▶ WHAT TO DO: Copy out exactly the lines beginning with the one that contains "Bookseller Bk Regular Bold Italic" and ending at the last line of the listing, skipping any pictures.

▶ DATA SHOWN:
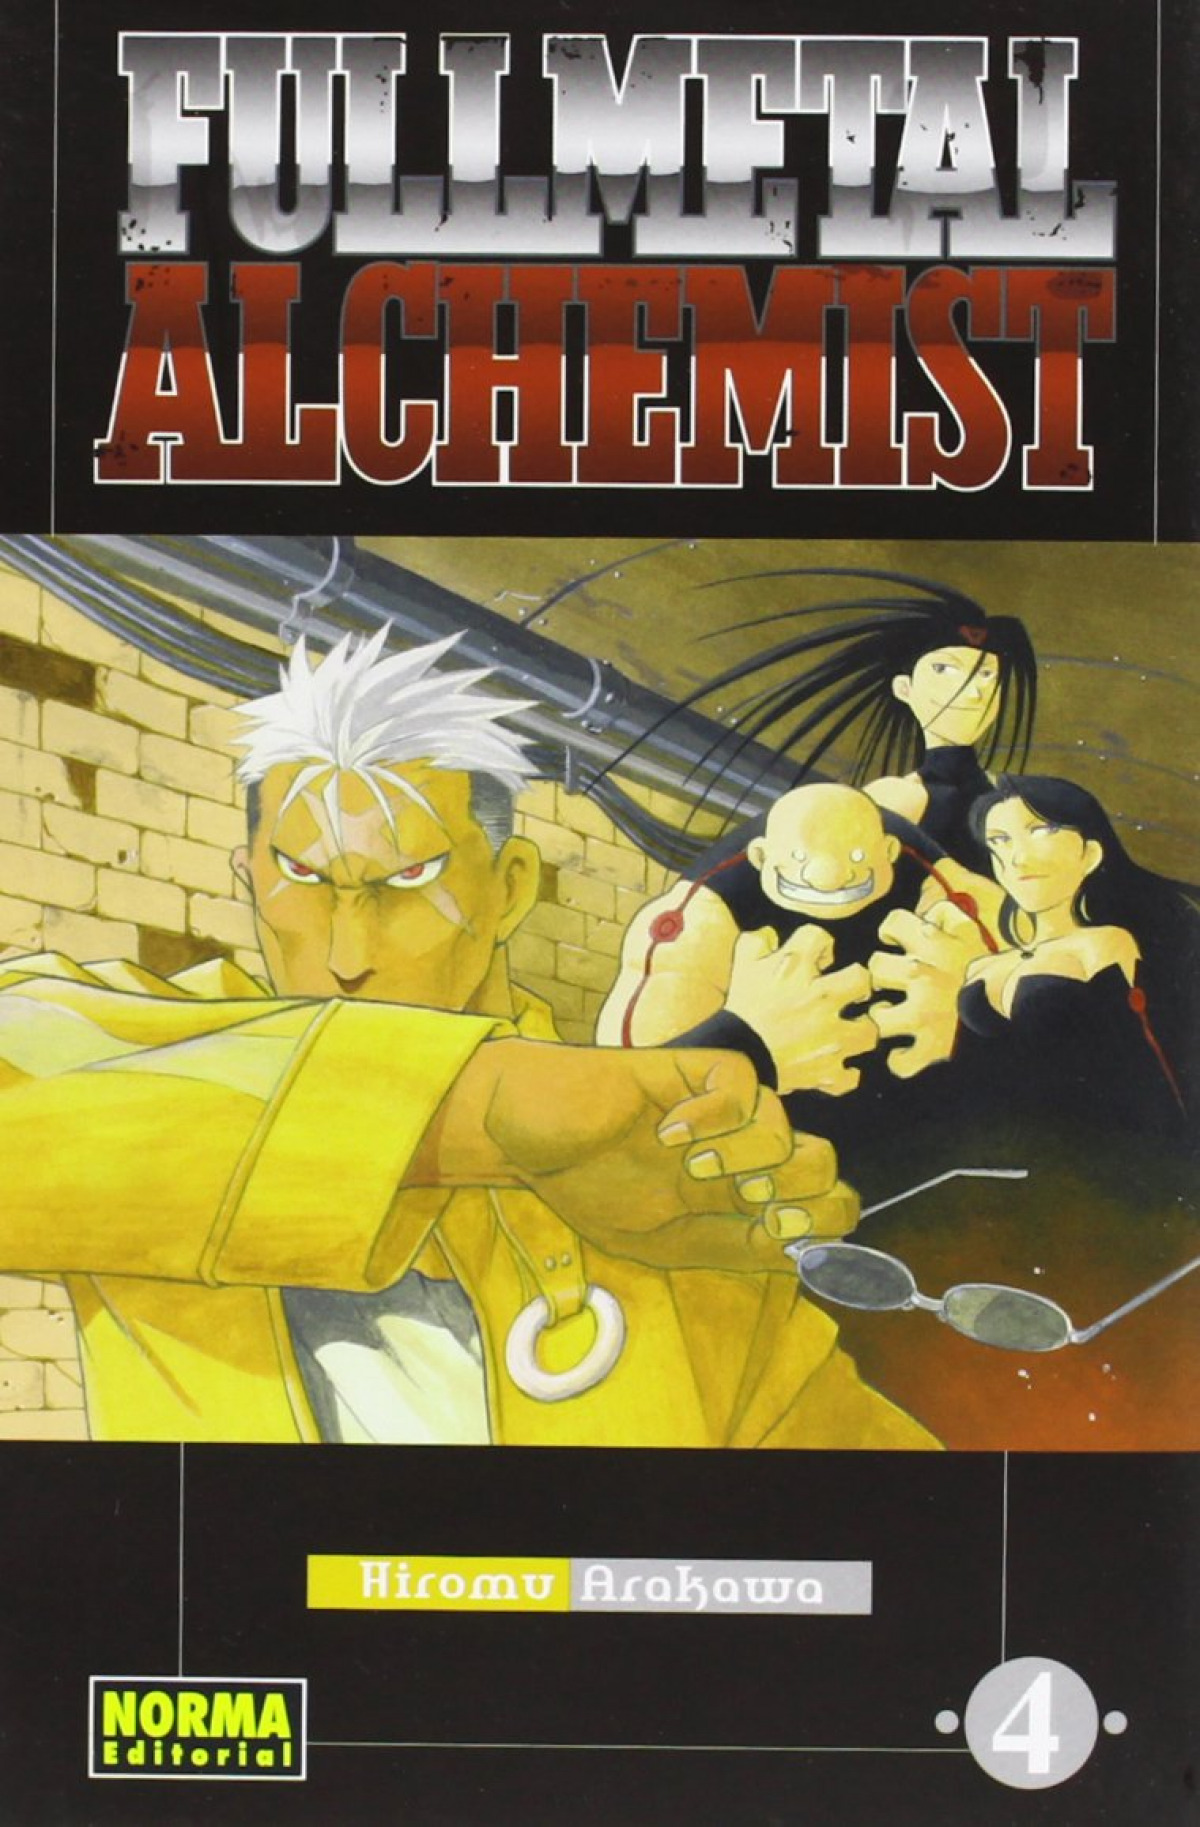 Fullmetal alchemist 4 - Arakawa, Hiromu
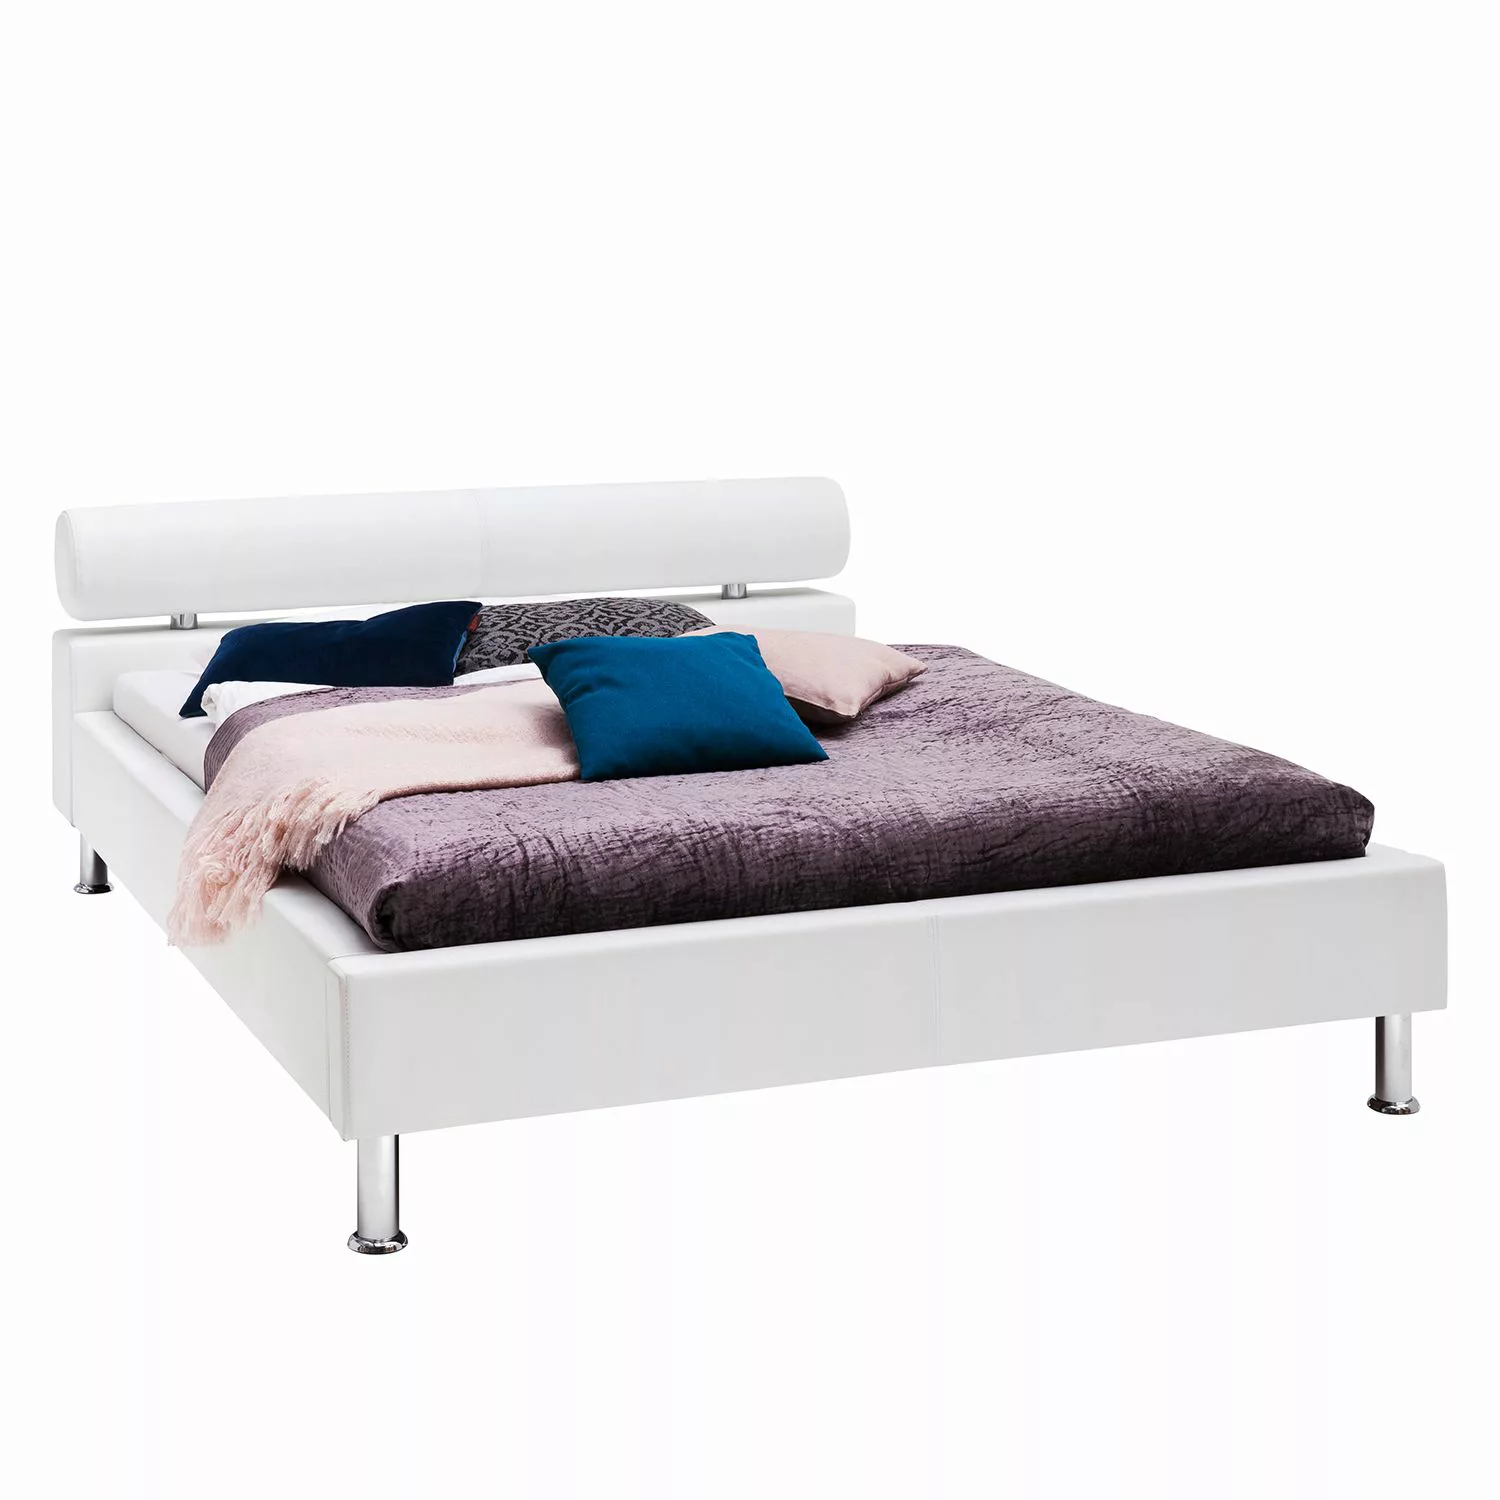 Polsterbett - weiß - 136 cm - 73 cm - 229 cm - Betten > Einzelbetten - Möbe günstig online kaufen
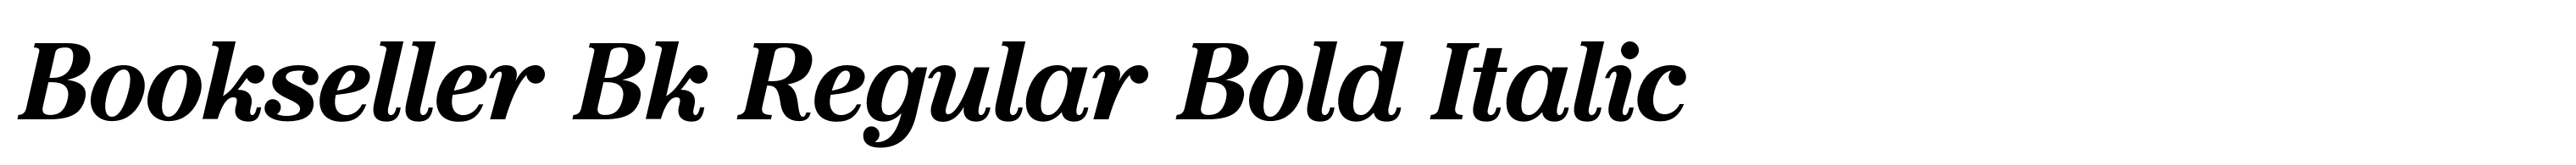 Bookseller Bk Regular Bold Italic
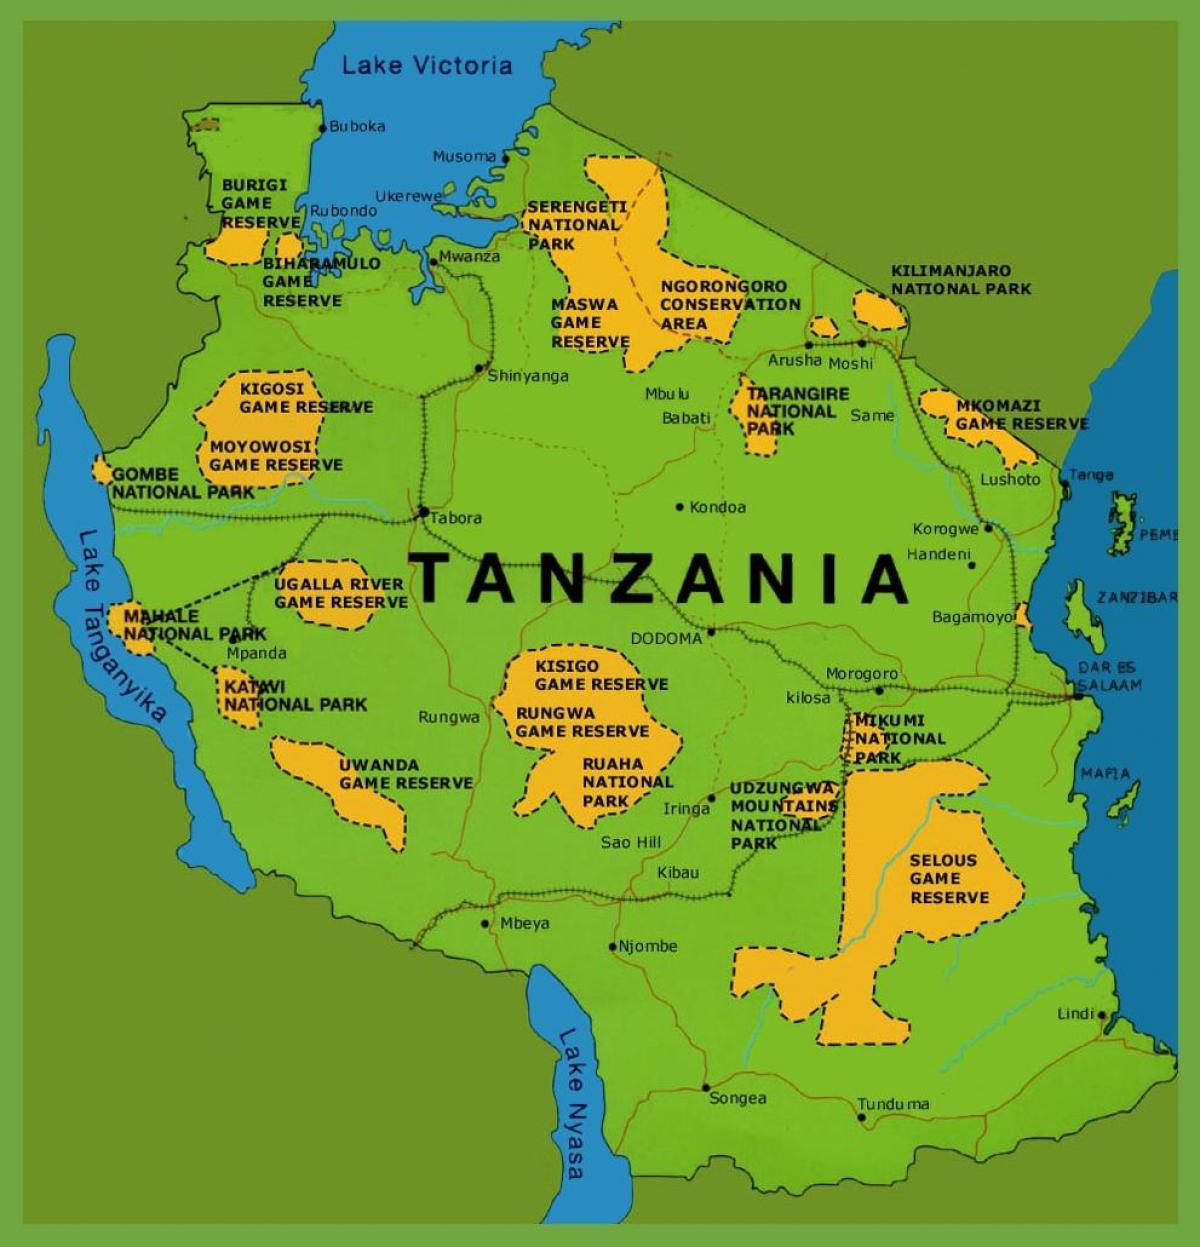 ایک نقشہ کے تنزانیہ

▶ TASK ANSWER:
 Bookseller Bk Regular Bold Italic
 ایک نقشہ کے تنزانیہ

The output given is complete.